** Exercise instructions **
For the entries below, the result should be an exact transcription of the lines from the one with "Luigi XIV Re" up to and including the one with "3台セット パナソニックPanasonic RAMSA", and only those.

(Information supplied begins)

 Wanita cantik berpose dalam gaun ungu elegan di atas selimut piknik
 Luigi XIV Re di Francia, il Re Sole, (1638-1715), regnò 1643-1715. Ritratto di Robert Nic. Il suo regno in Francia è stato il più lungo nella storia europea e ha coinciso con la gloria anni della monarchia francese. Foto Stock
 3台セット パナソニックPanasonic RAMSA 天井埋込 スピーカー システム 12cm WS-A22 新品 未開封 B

(Information supplied ends)
(Information supplied begins)

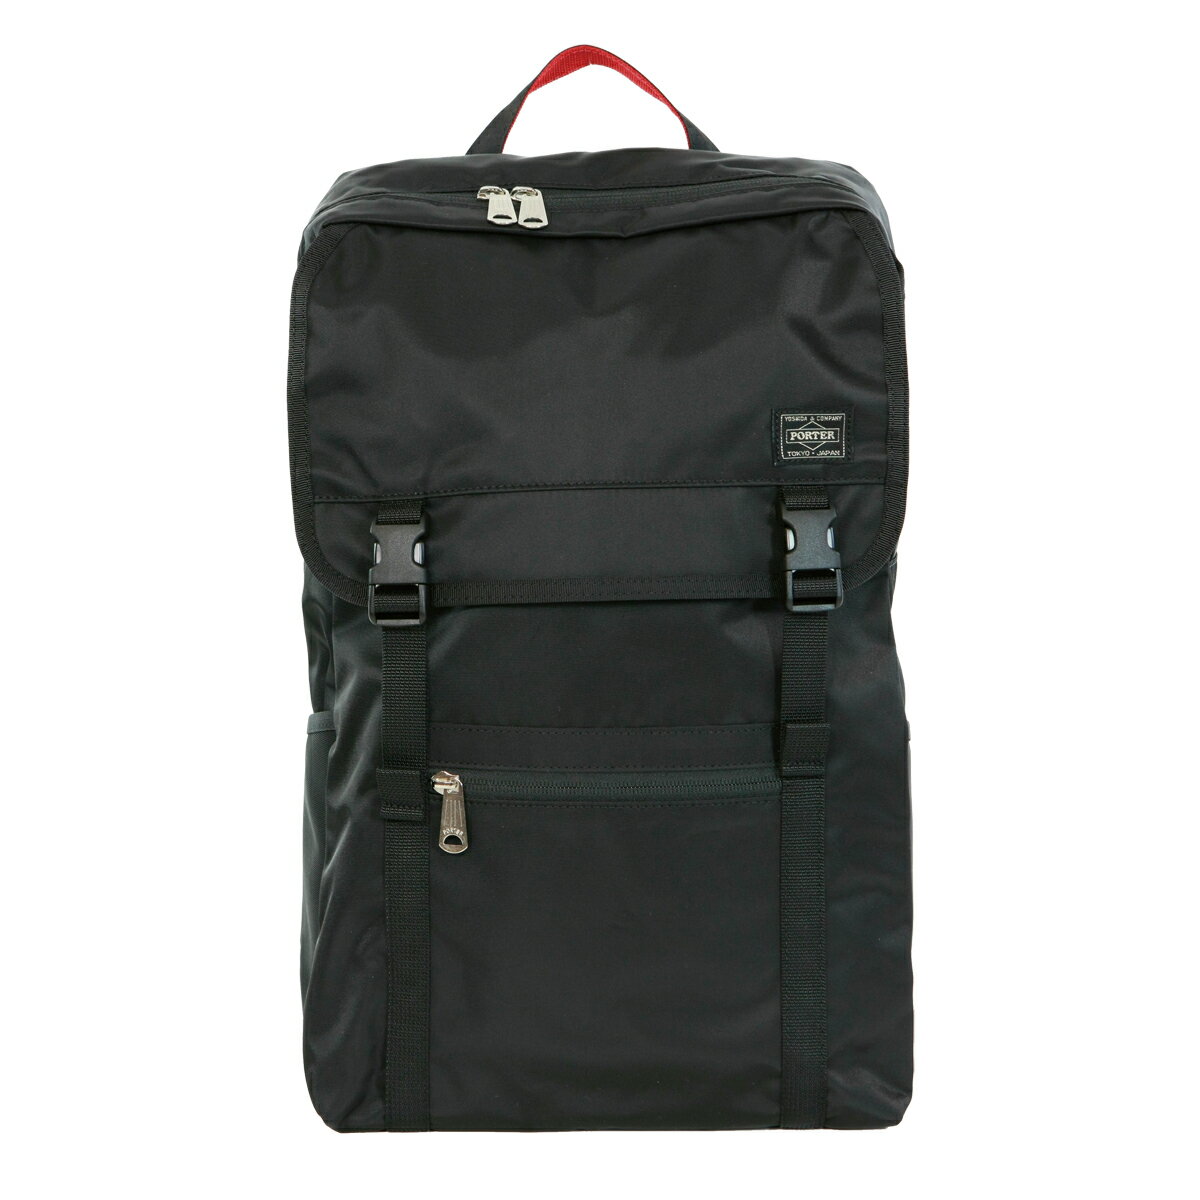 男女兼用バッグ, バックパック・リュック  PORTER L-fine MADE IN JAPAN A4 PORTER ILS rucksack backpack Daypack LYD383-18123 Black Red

(Information supplied ends)
(Information supplied begins)

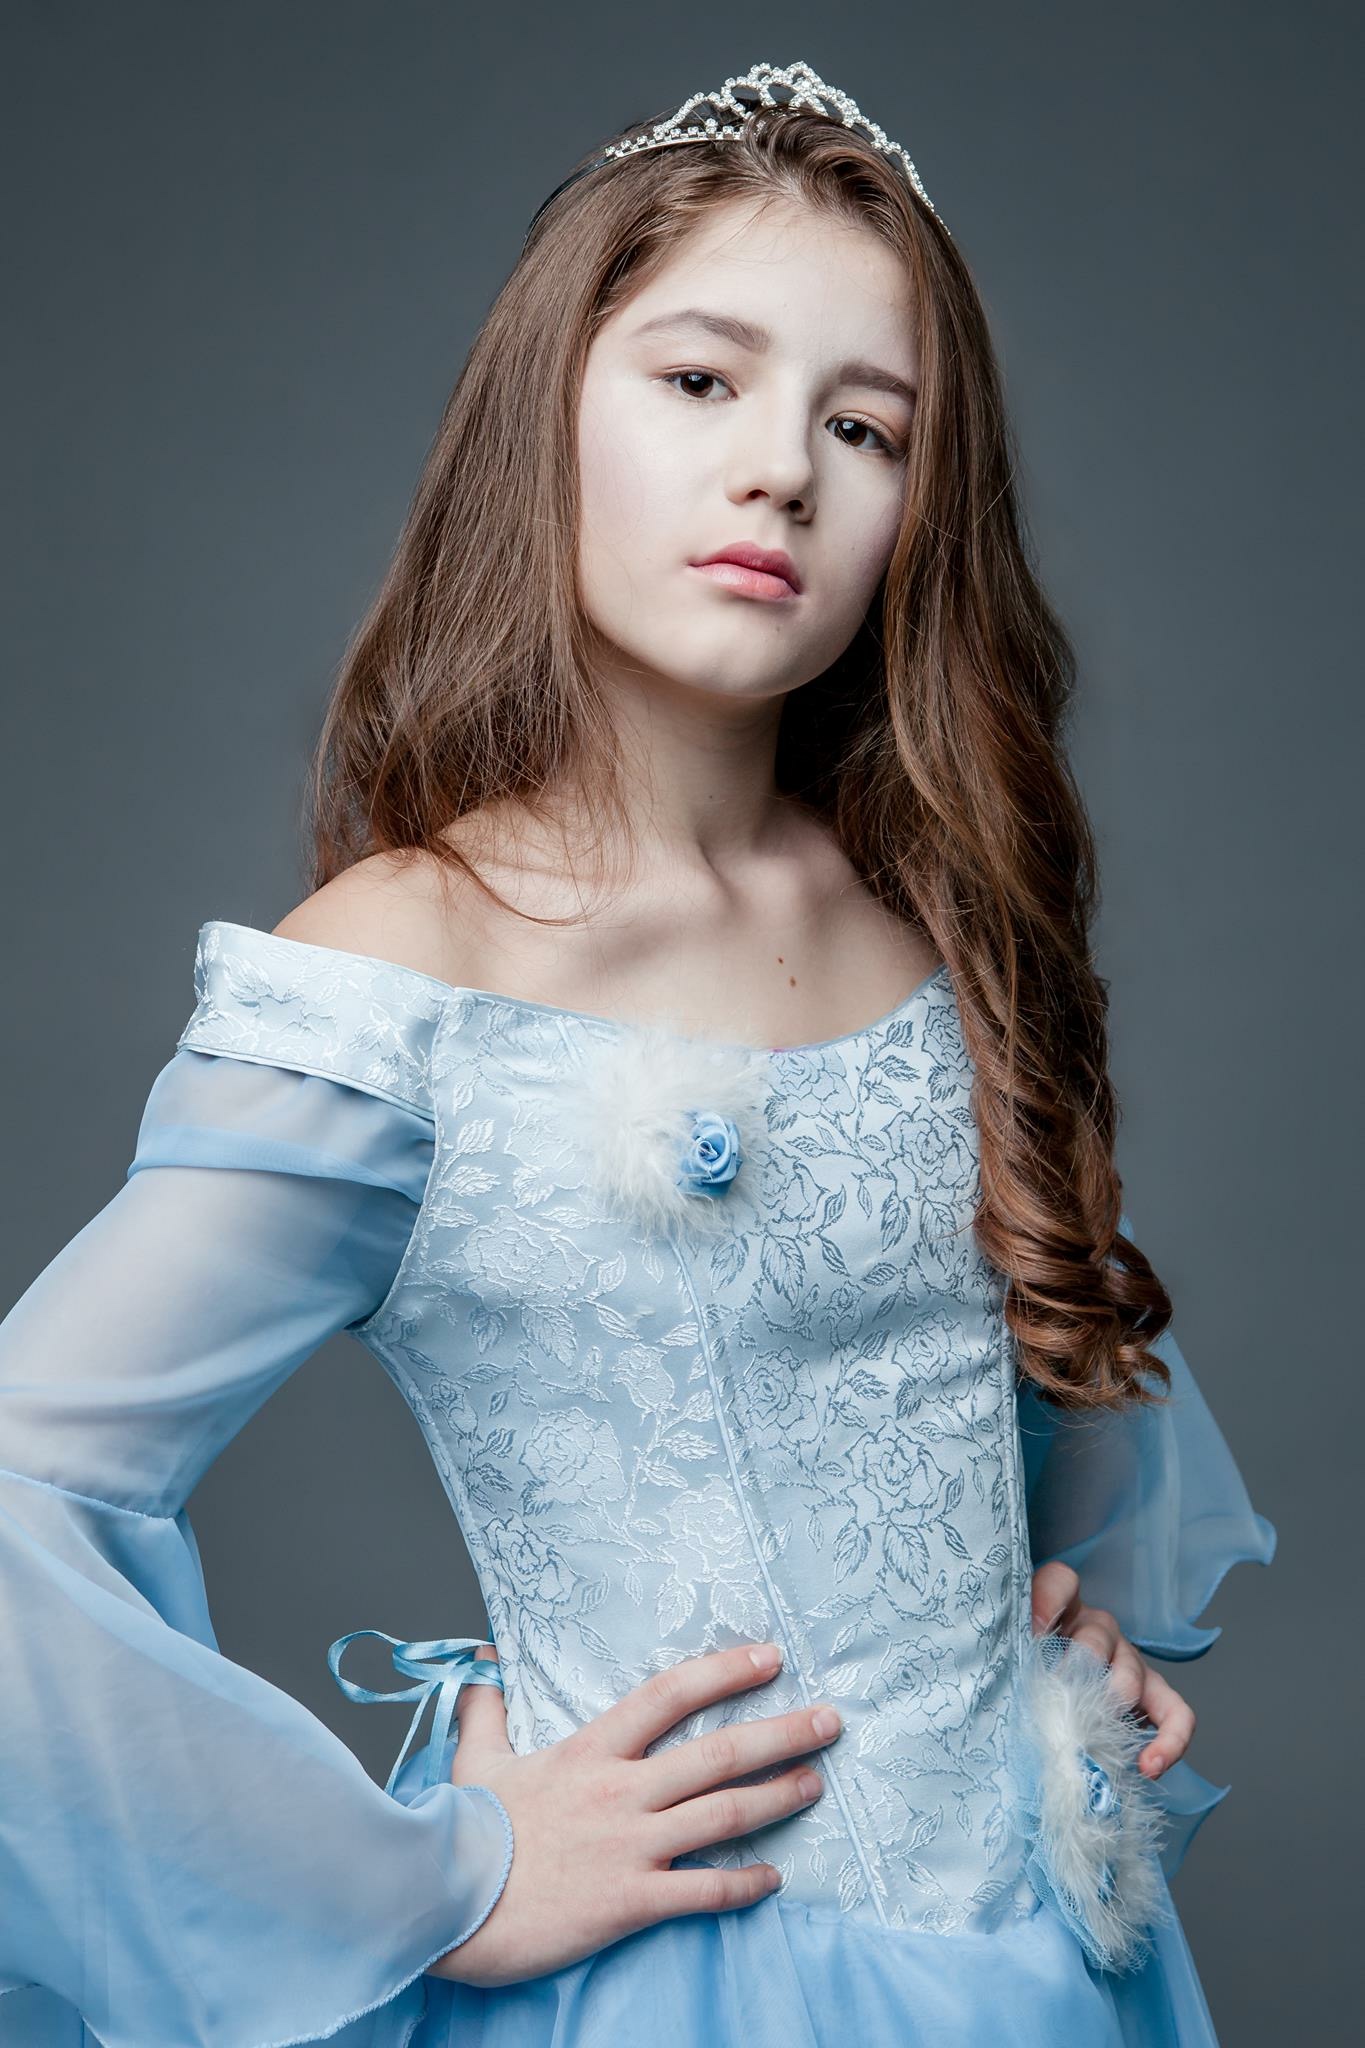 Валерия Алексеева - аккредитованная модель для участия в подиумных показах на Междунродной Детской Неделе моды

(Information supplied ends)

** Response **
 Luigi XIV Re di Francia, il Re Sole, (1638-1715), regnò 1643-1715. Ritratto di Robert Nic. Il suo regno in Francia è stato il più lungo nella storia europea e ha coinciso con la gloria anni della monarchia francese. Foto Stock
 3台セット パナソニックPanasonic RAMSA 天井埋込 スピーカー システム 12cm WS-A22 新品 未開封 B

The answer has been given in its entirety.